The barong is a thick, leaf-shaped, single-edged blade sword. It is a weapon used by Muslim Filipino ethnolinguistic groups like the Tausug, Sama-Bajau, or Yakan in the Southern Philippines.

Description

Blade
Barong blades are thick and very heavy with the weight aiding in the slicing capability of the sword. Barong blade lengths range from 8 to 22 inches (20 to 56 cm) as the average blade length is originally 14 inch. Newer blades, on the other hand, tend to be longer measuring at 18 to 22 inches (46 to 56 cm). Damascene patterns are also thick but again most often not as controlled as the more widely known kalis.

Hilt (handle)
Most handles have a silver sleeve and lacquered braided fiber rings that sit on top.

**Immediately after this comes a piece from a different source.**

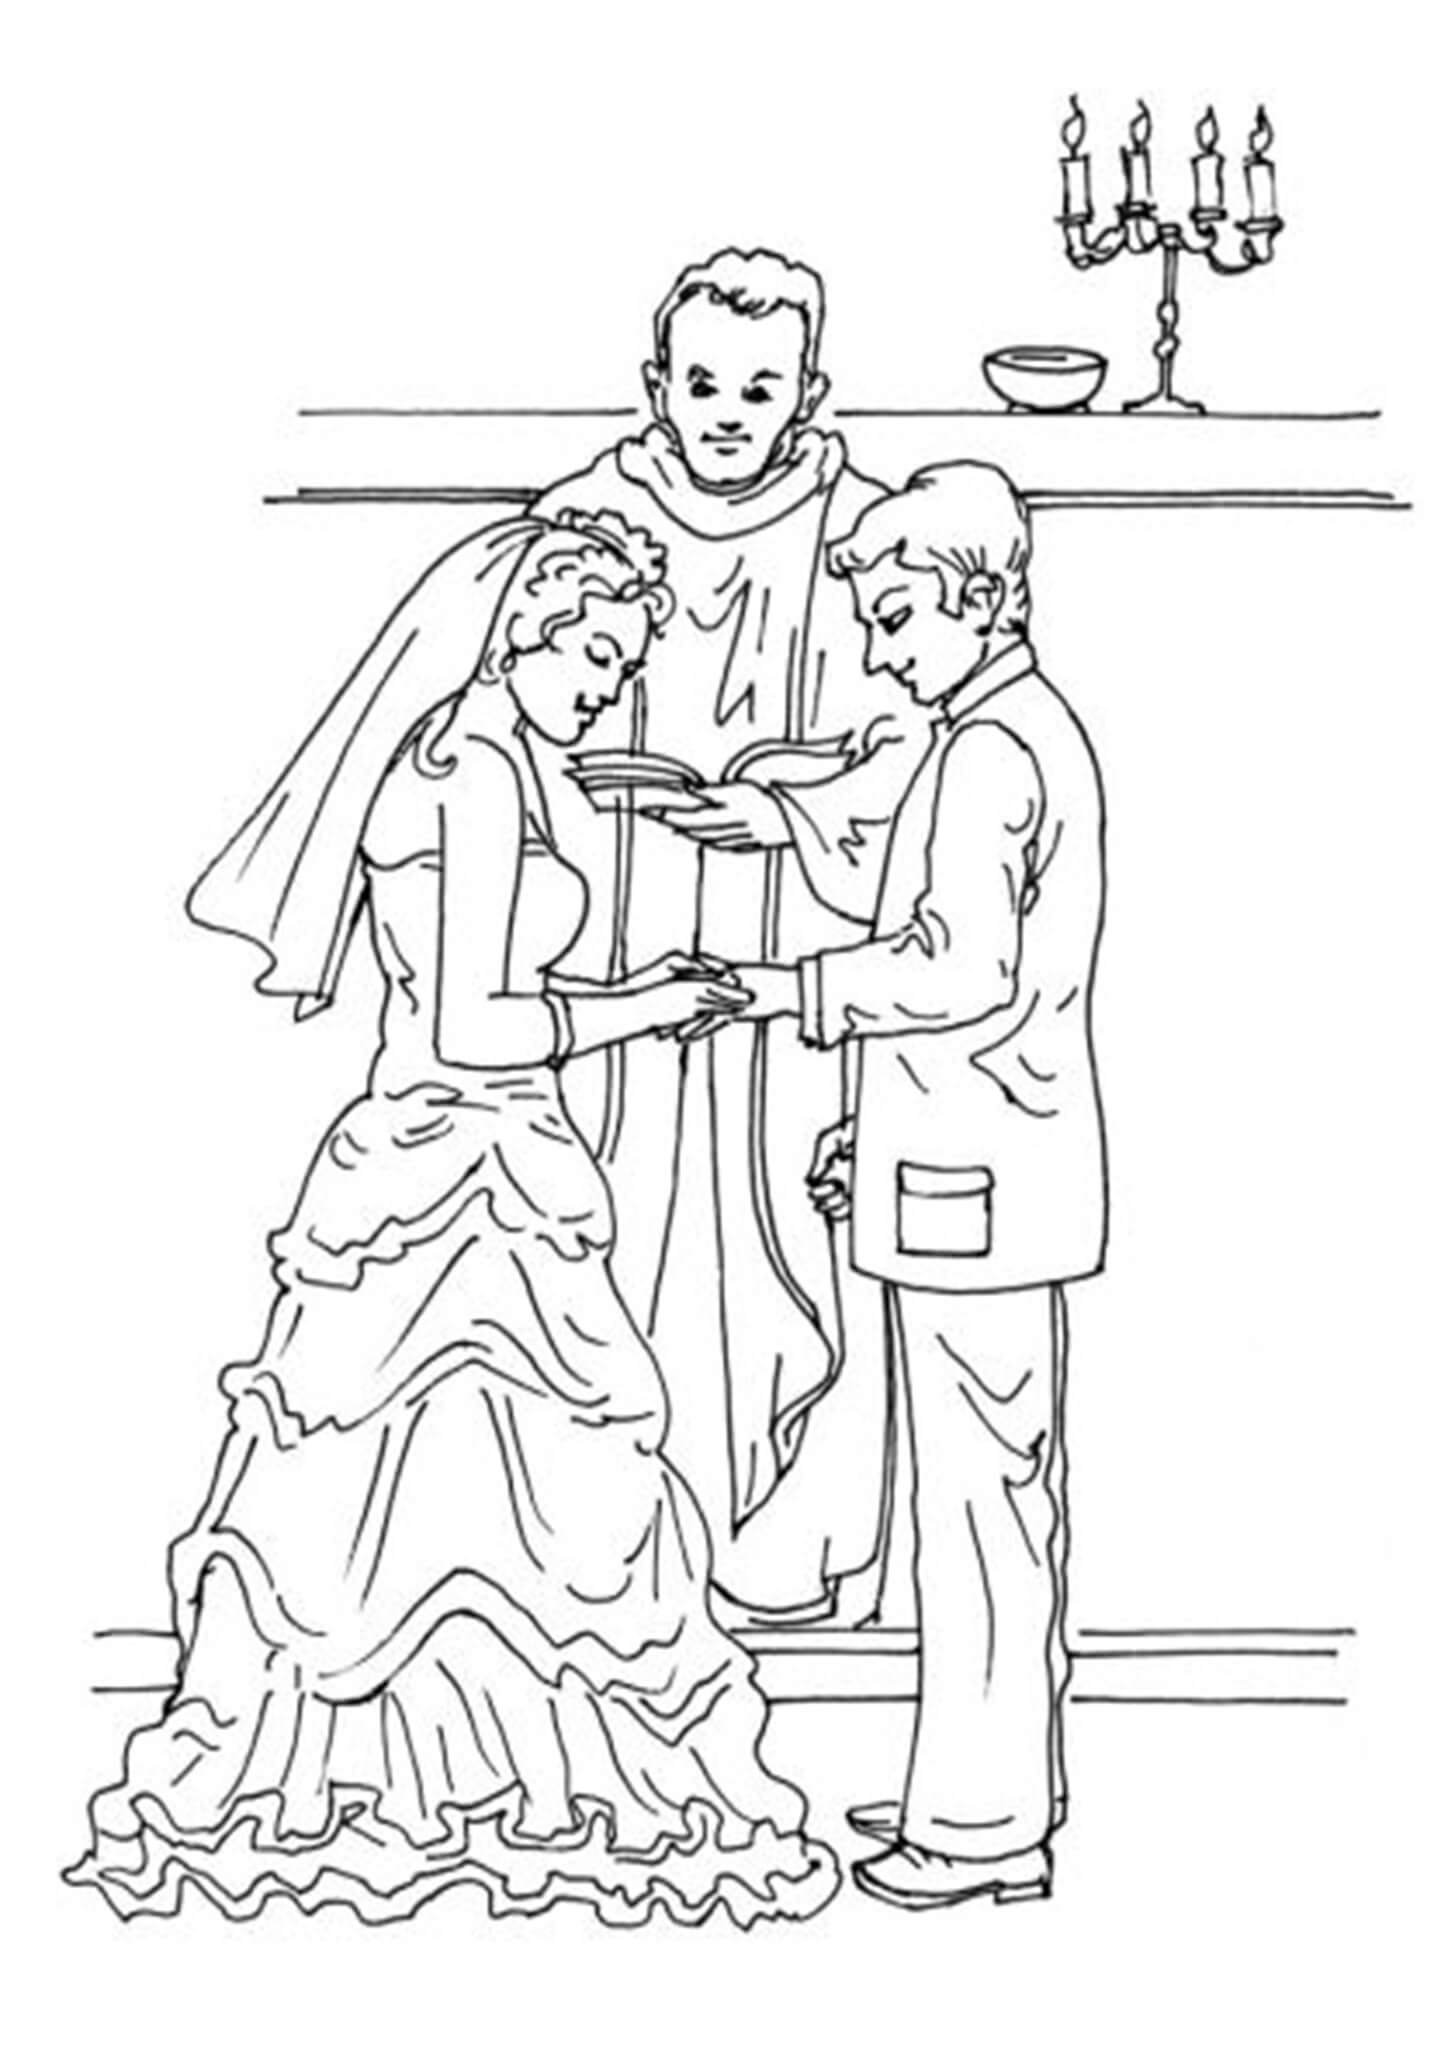 wedding-coloring-pages-to-printable-wedding-coloring-page-art-alley

Nobility hilts were made of ivory, carabao horn, or kamagong (Philippine ebony). Other barong swords have less elaborate hilts and are smaller in size. Common motifs include the cockatoo (kakatua) and the sea serpent (naga). The long metal ferrule is most often made of silver, though copper, brass and swaasa is also used. Barongs used in World War II may also have aluminium ferrules. The ferrule tends to be around 8 cm (3 inches) in length. Often the ferrule will have lacquered braided natural fiber rings to aid in grip. Sometimes these fiber rings were on top of the ferrule, but often what would appear to be a solid metal ferrule would in fact be a number of metal bands that alternate between the fiber bands.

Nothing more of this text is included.